HONG KONG: Hong Kong shares closed at a more than one-year low on Monday, as concerns lingered about the new Omicron coronavirus variant, while Meituan slumped after it forecast a weaker outlook following its largest-ever quarterly loss in three years.
The Hang Seng index fell 1.0% to 23,852.24, while the China Enterprises Index lost 0.9%, to 8,498.26 points. Both the indexes ended at their lowest since October 2020.
The new variant has spread in several nations, with more countries imposing travel restrictions to try to seal themselves off, while Hong Kong reported two such cases last week.
Food delivery giant Meituan slumped 7.1%, the biggest percentage decliner on the Hang Seng Index, dragging down the benchmark 155 points.

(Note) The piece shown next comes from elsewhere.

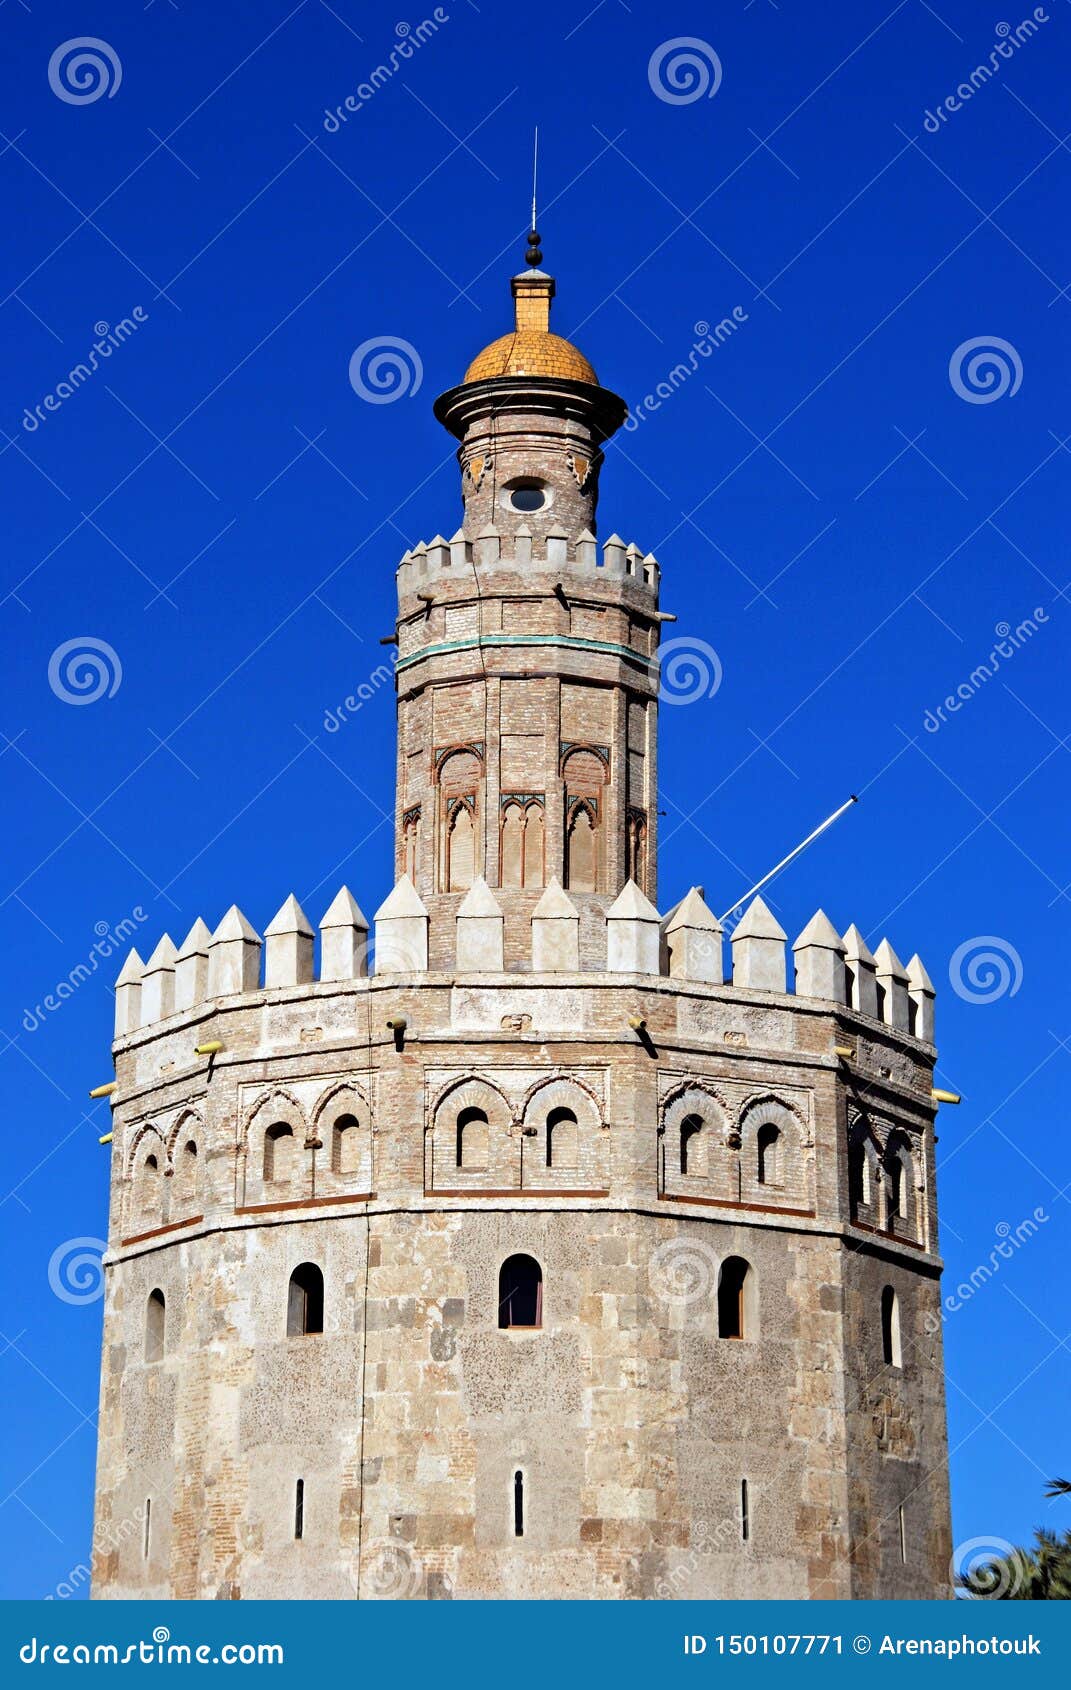 top of the torre del oro, seville, spain.
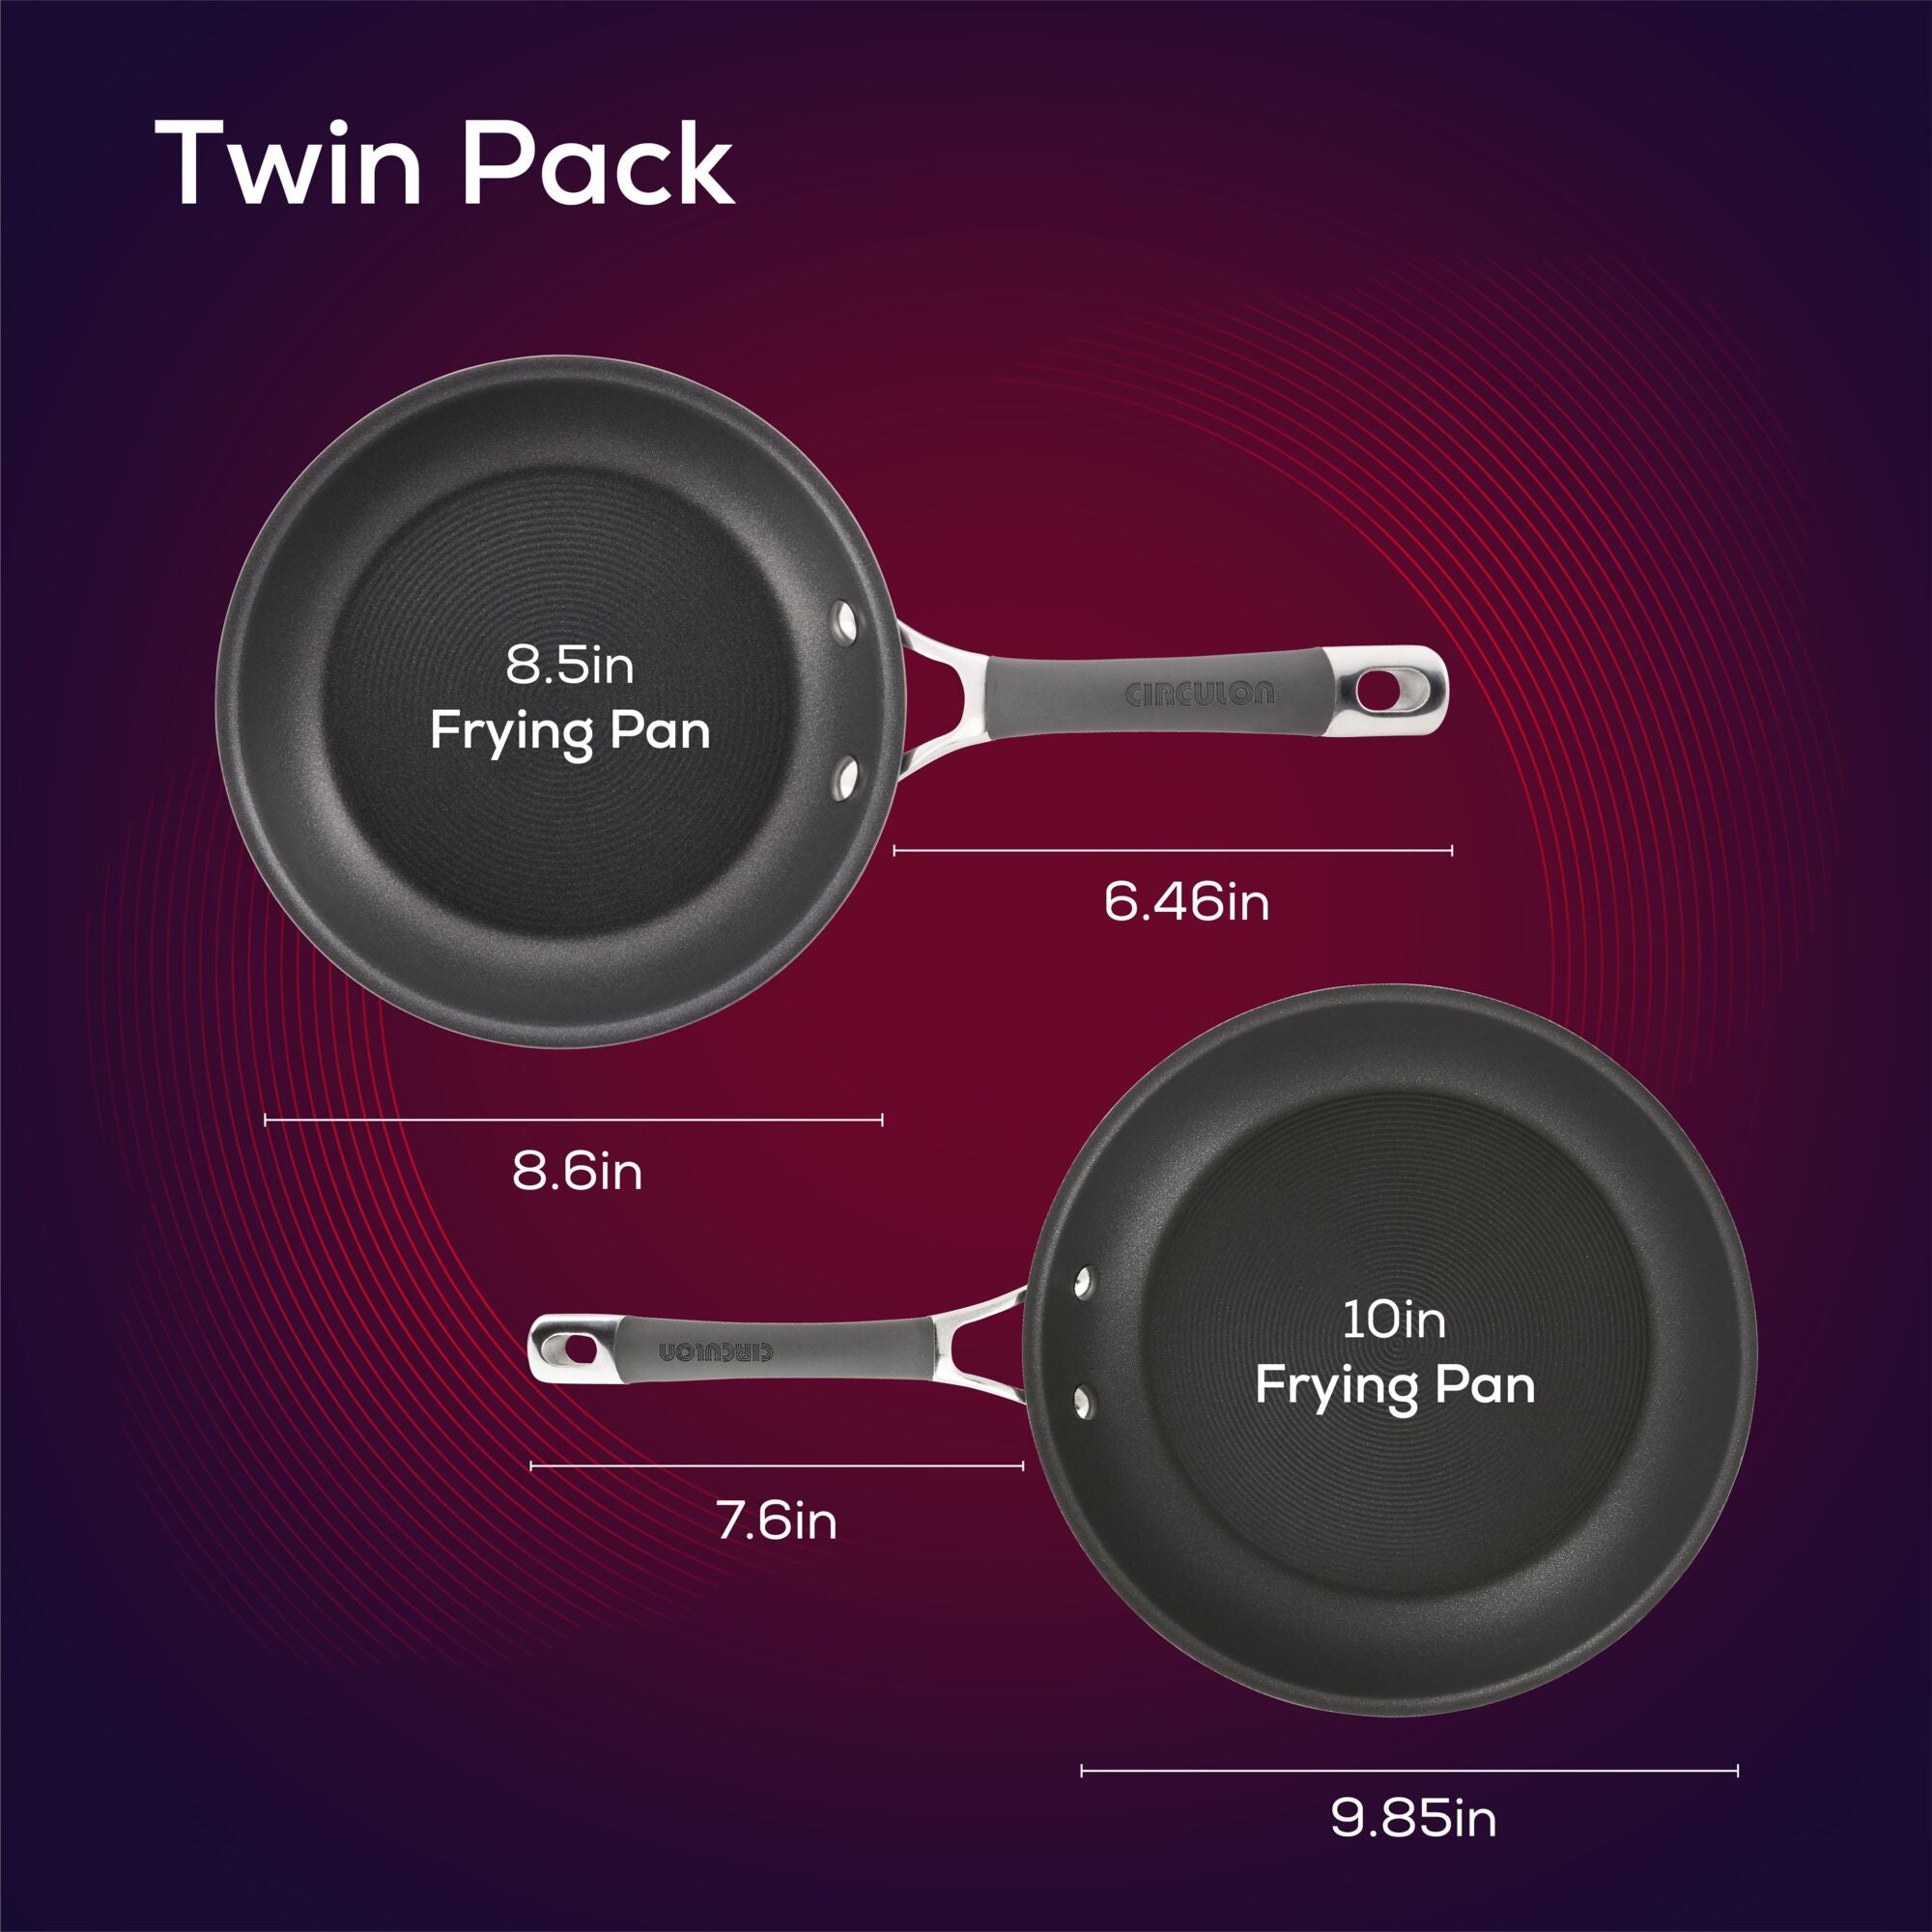 Square Shallow Fry Pans, Non-Stick Surface, 2-Pc. Set, As Seen On

Meituan plunged the most in more than three months, after it reported a 10 billion yuan ($1.57 billion) loss in the July-September period, compared with a profit of 6.3 billion yuan a year earlier. This was its worst ever quarterly performance since the third quarter of 2018.
“We believe the short-term impact of the pandemic as well as macro-headwinds does not alter the secular momentum of food delivery, as demonstrated by Meituan with its solid execution and providing better transparency on take rates and ROI approach to subsidies,” said Jefferies.